SOURCE DATA →

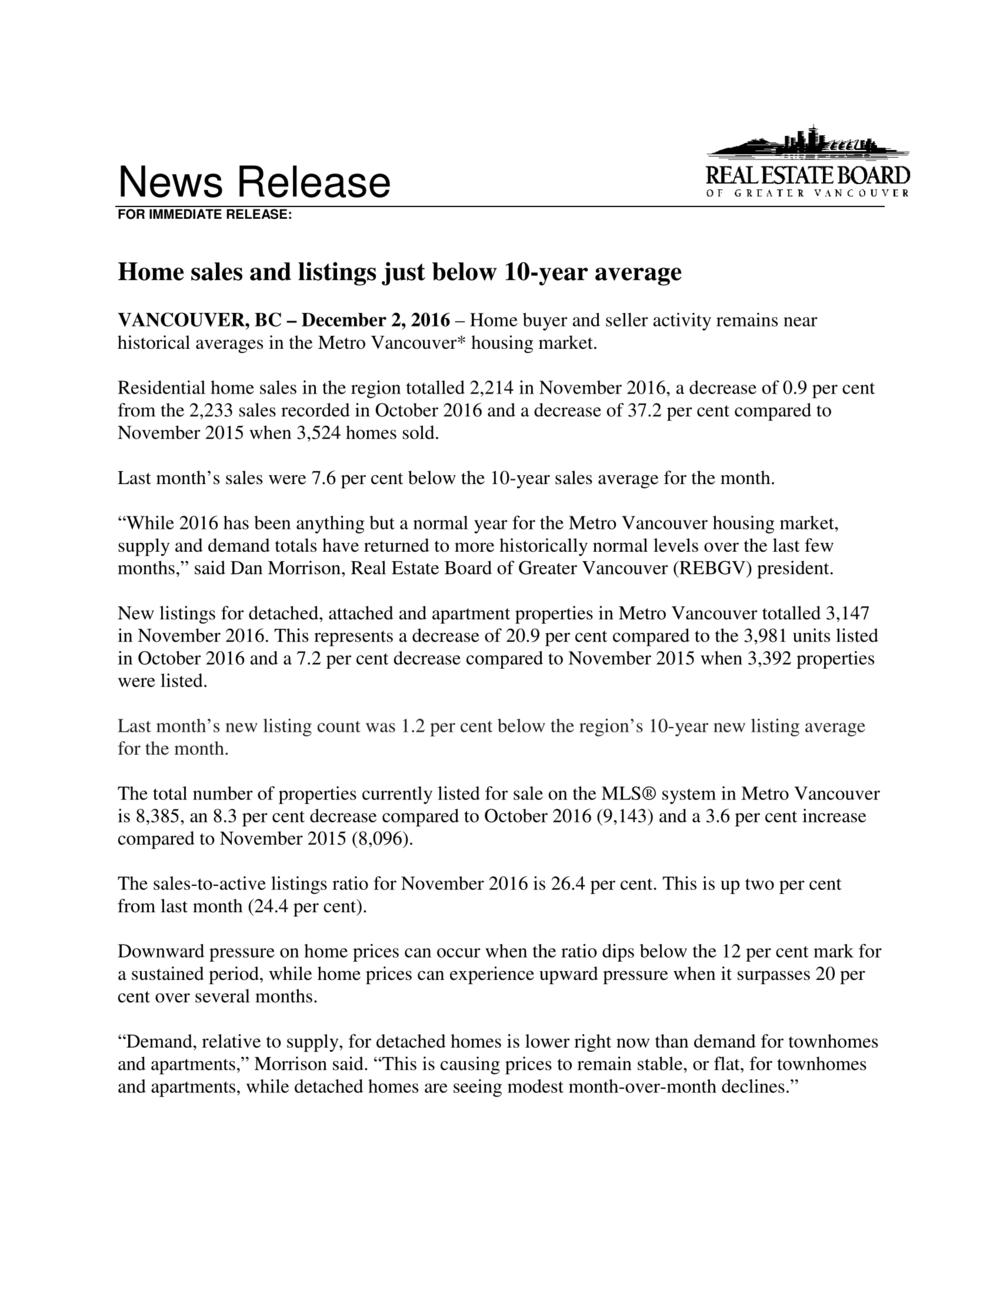 REBGV Stats Package November 2016-1.png
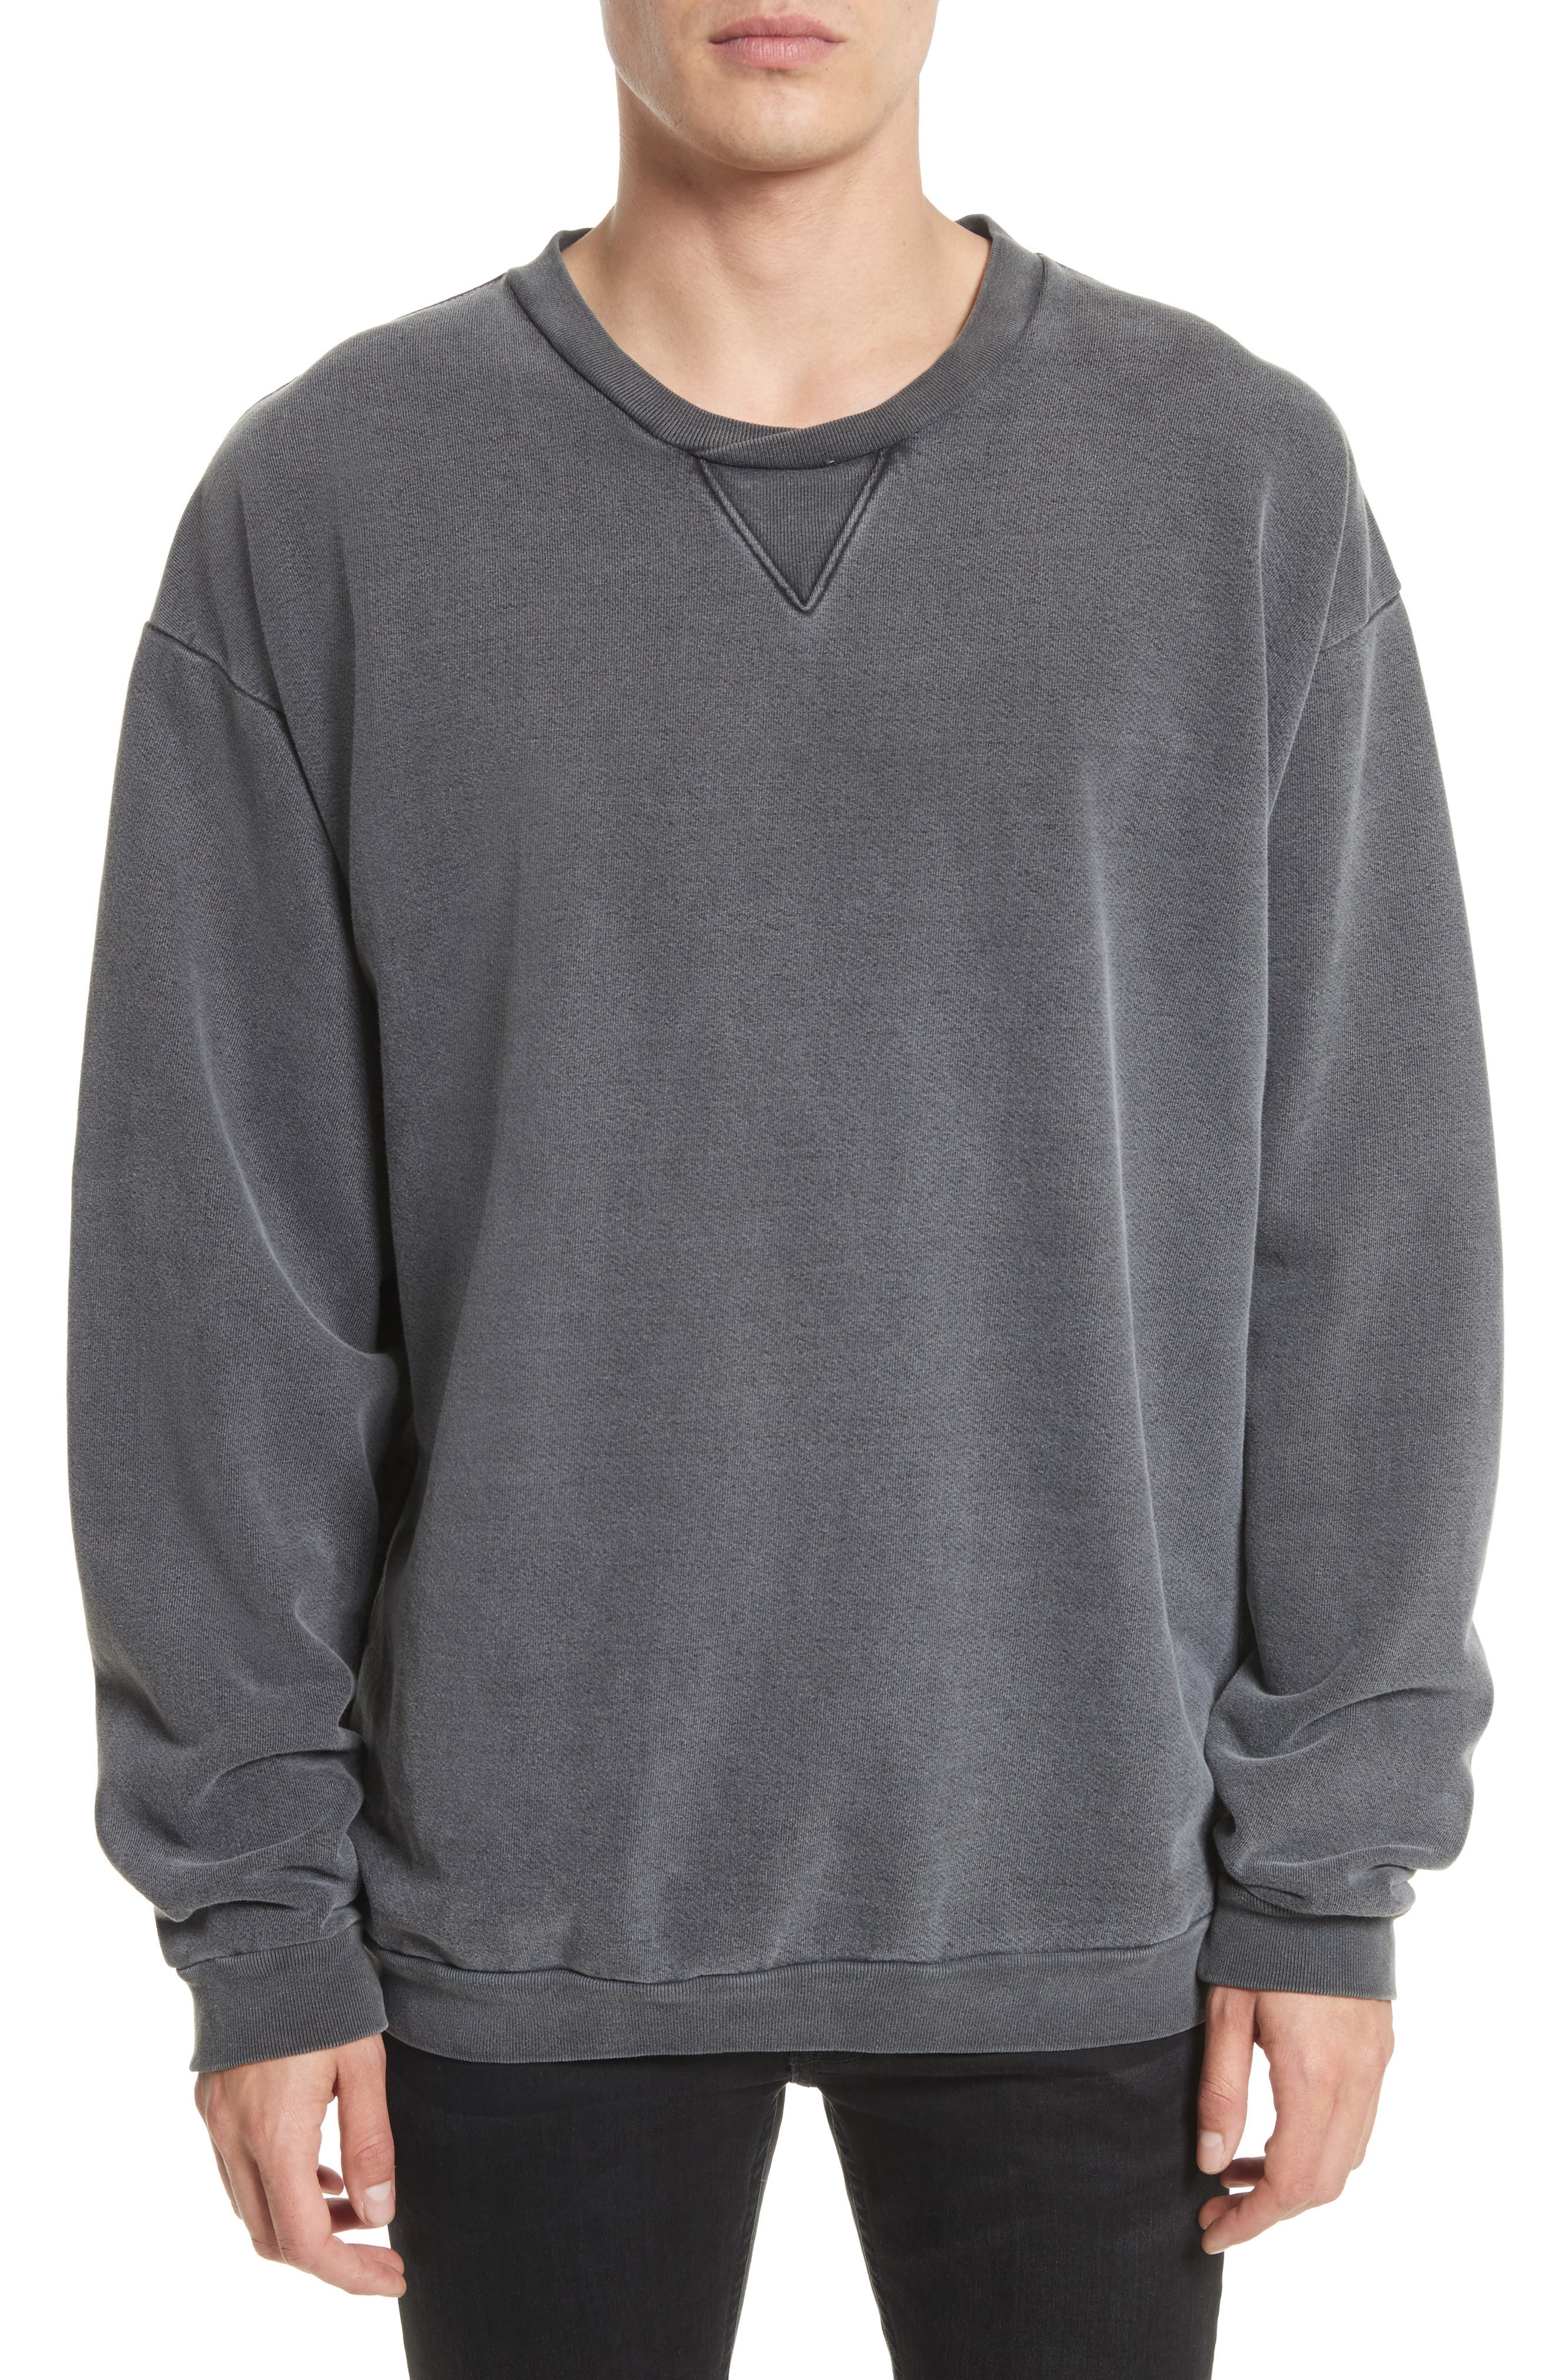 Drifter Norton Sweatshirt
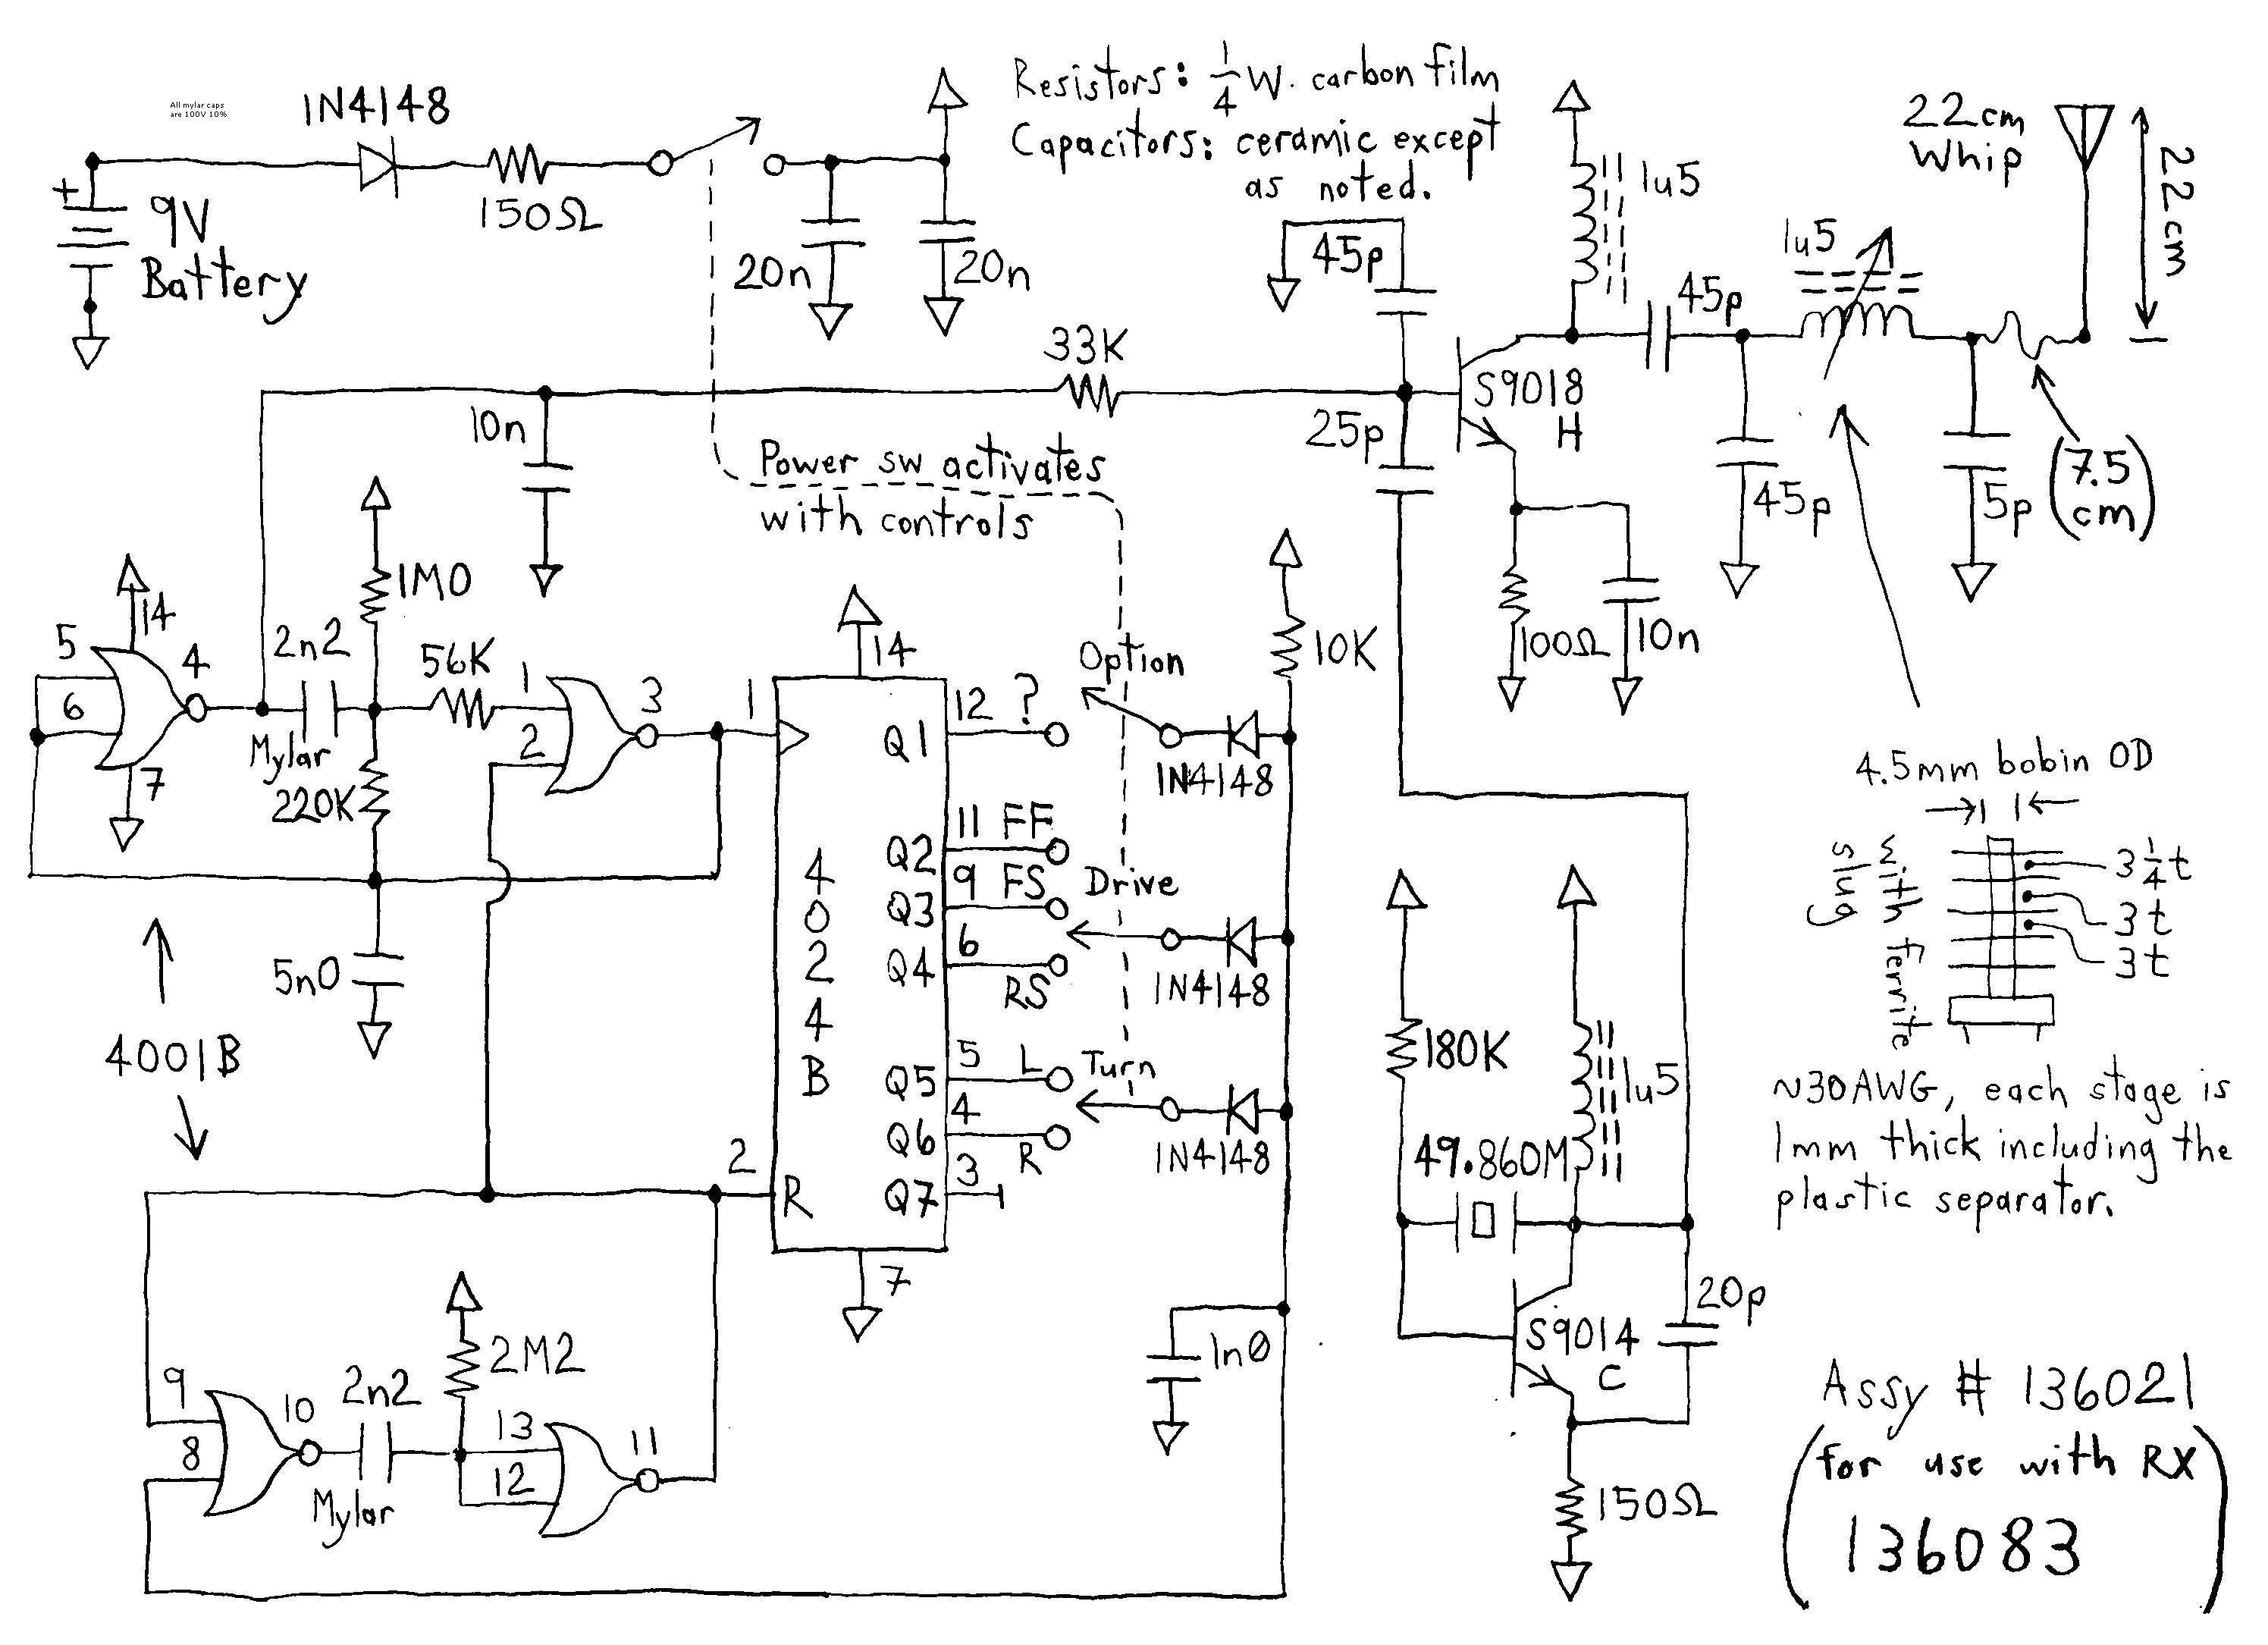 1996 Gas Ezgo Wire Diagram 5c817d 50a Twist Plug Wiring Diagram Of 1996 Gas Ezgo Wire Diagram

TASK INSTRUCTIONS → Set the listing down exactly, without its pictures.

OUTPUT FOR THIS TASK →
 REBGV Stats Package November 2016-1.png
 Drifter Norton Sweatshirt
 1996 Gas Ezgo Wire Diagram 5c817d 50a Twist Plug Wiring Diagram Of 1996 Gas Ezgo Wire Diagram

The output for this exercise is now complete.